It's been shunned by shoppers and has lost square footage to perimeter departments. Now, many retailers are turning the spotlight on the center of the store.

"It has become clear that it's time for retailers and manufacturers to take the Center Store real estate and make it exciting again," said Stephen Sibert, group vice president for industry and membership development for the Grocery Manufacturers Association. "Today, you see retailers identifying lifestyle opportunities and changing their Center Store formats to create a more theatrical experience that resonates with various lifestyle preferences."

Pleasanton, Calif.-based Safeway is introducing a plan to make the center aisles more competitive through eye-catching displays and fixtures, greater product variety and aggressive price/promotional activities like 10 for $10 promotions, spokeswoman Teena Massingill said.

Marsh Supermarkets in Indianapolis has two Center Store strategies, one for its "lifestyle" stores and a modified version of that approach for its conventional stores.
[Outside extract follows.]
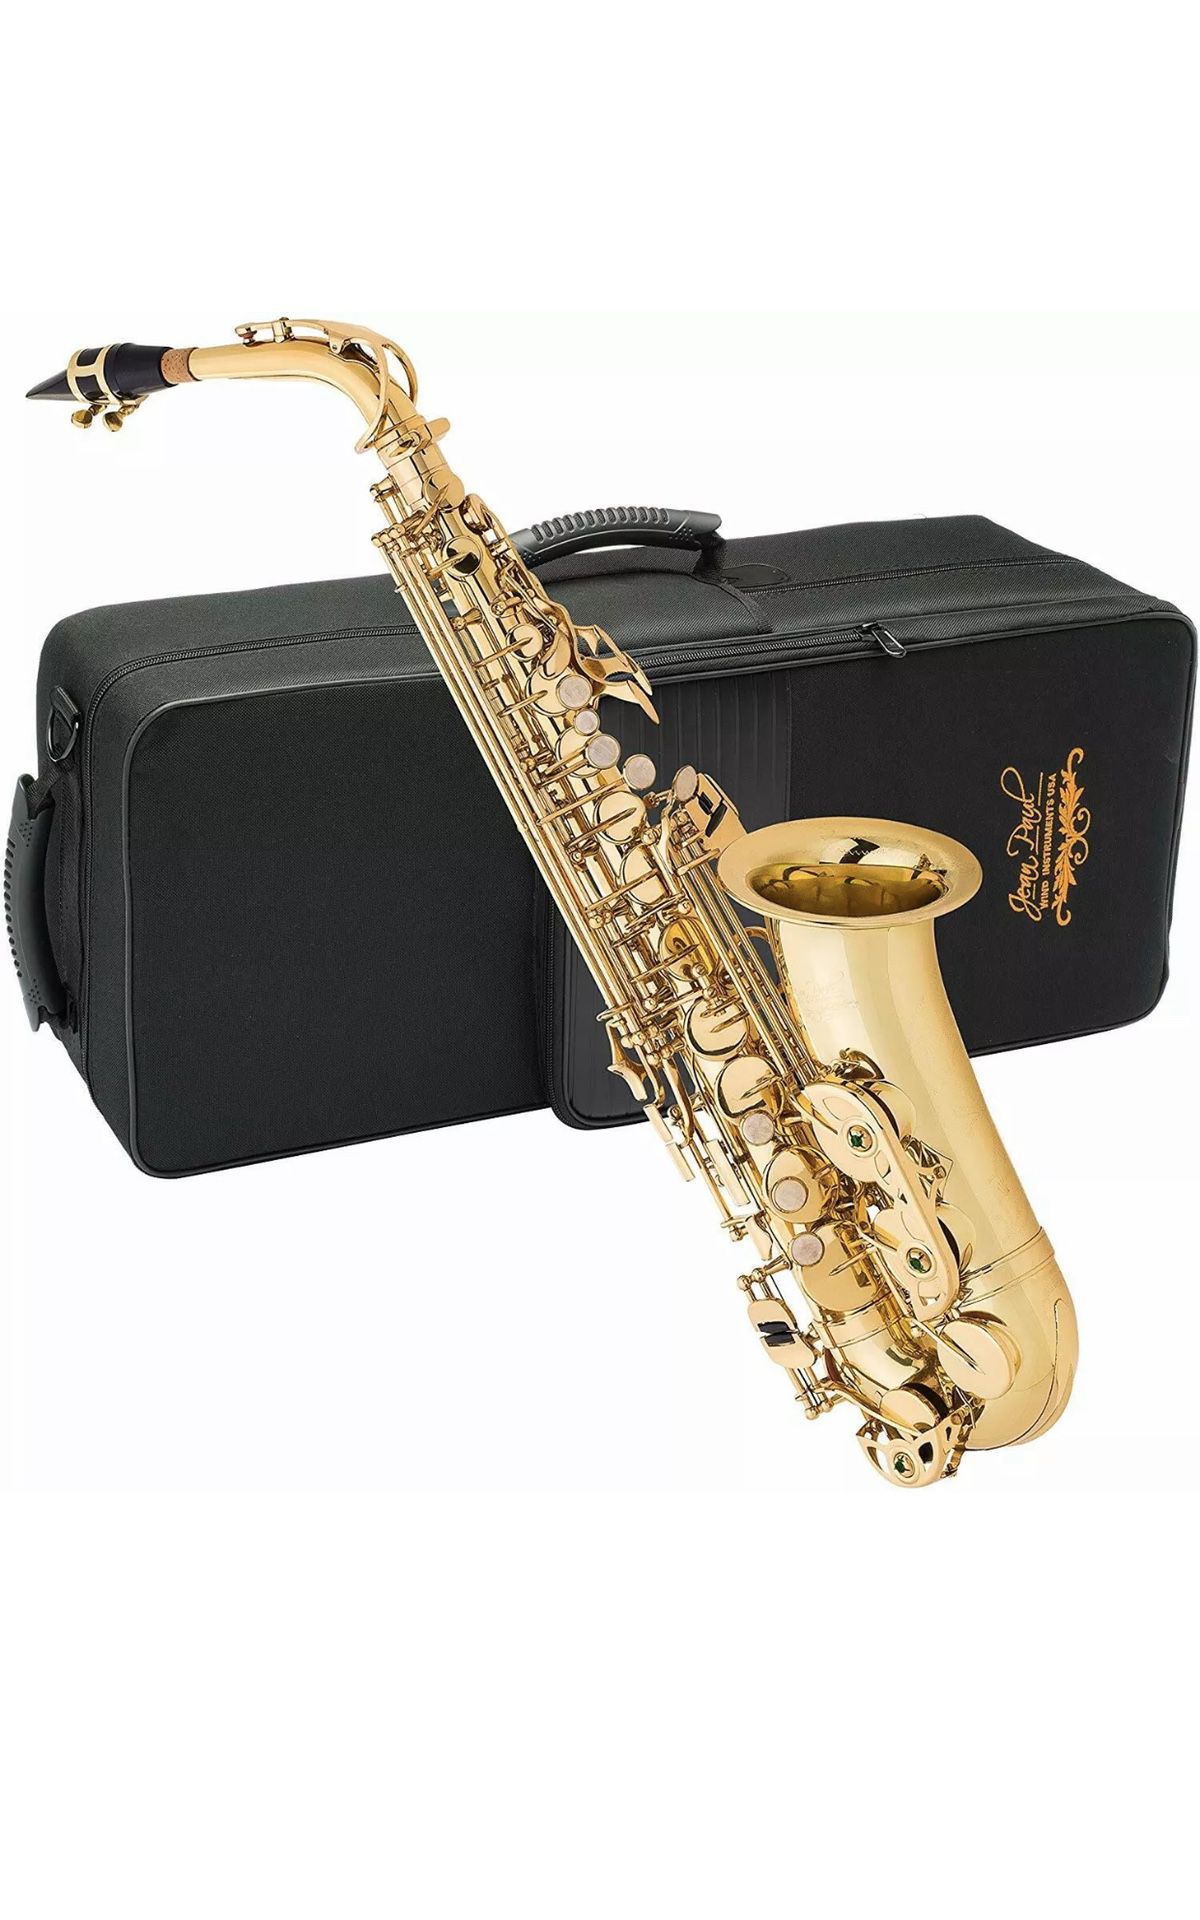 Jean Paul USA AS-400 Student Alto Saxophone Saxophone Brass

Both are designed to make the Center Store "sexier, easier to shop, fun, and very easy to be perceived as providing great value," said William Loneman, senior vice president of merchandising for Marsh.

Vendors often play a key role in such revitalization efforts. Stop & Shop/Giant is working with them to drive Center Store sales through marketing and promotional programs that "reward customers for purchases made in the dry grocery aisles," said Amy Murphy, merchandising program manager for the Quincy, Mass.-based retailer.

"Collectively, we're getting together to develop the right triggers and rewards that we think are going to motivate and change consumer behavior," Murphy said.

Marsh has worked with such manufacturers as Kraft, General Mills, Procter & Gamble, NestlT Purina, Nabisco and Frito-Lay, Loneman said. "We're working diligently not only to implement best practices but to get ahead of trends."

Like a number of leading retailers, Marsh also shares consumer card loyalty data with major consumer packaged goods makers. Those companies analyze that data and give Marsh product mix, packaging and merchandising recommendations for key categories such as baby diapers, pet and cleaning. They also create exclusive promotions that Marsh can pass on to card holders, Loneman said.

One of Marsh's direct-store-delivery vendors completed a consumer clustering analysis for Marsh on a category-by-category basis. Based on that analysis, Marsh can allocate space to categories based on what customers bought within specific market clusters. This lets Marsh tailor product segments to its various markets, Loneman said.

Grant LaMontagne, vice president of sales for the Clorox Co., said retailers and vendors are striving to create "events."

"It's not trying to sell a transaction but a consumer-centric solution that creates excitement," he said. "The consumer perceives that the store offers great value."

If a supermarket display of barbecue-related products, for example, could be compared to a movie or play, the meat, fish, chicken or pork would be the star, and in a nearby perishables aisle would be all the supporting players - a mass display containing Center Store products from soda, beer or wine to condiments, paper plates, snacks, cooking tools, cookbooks. Attention-grabbing graphics would provide the scenery.

Clorox also has created several cross-selling programs that are designed to draw traffic back to the center aisles. In a current one, supermarkets cross-merchandise Clorox Disinfecting Wipes in a display in the pharmacy. Clorox gives pharmacists free samples and informational brochures to distribute to customers.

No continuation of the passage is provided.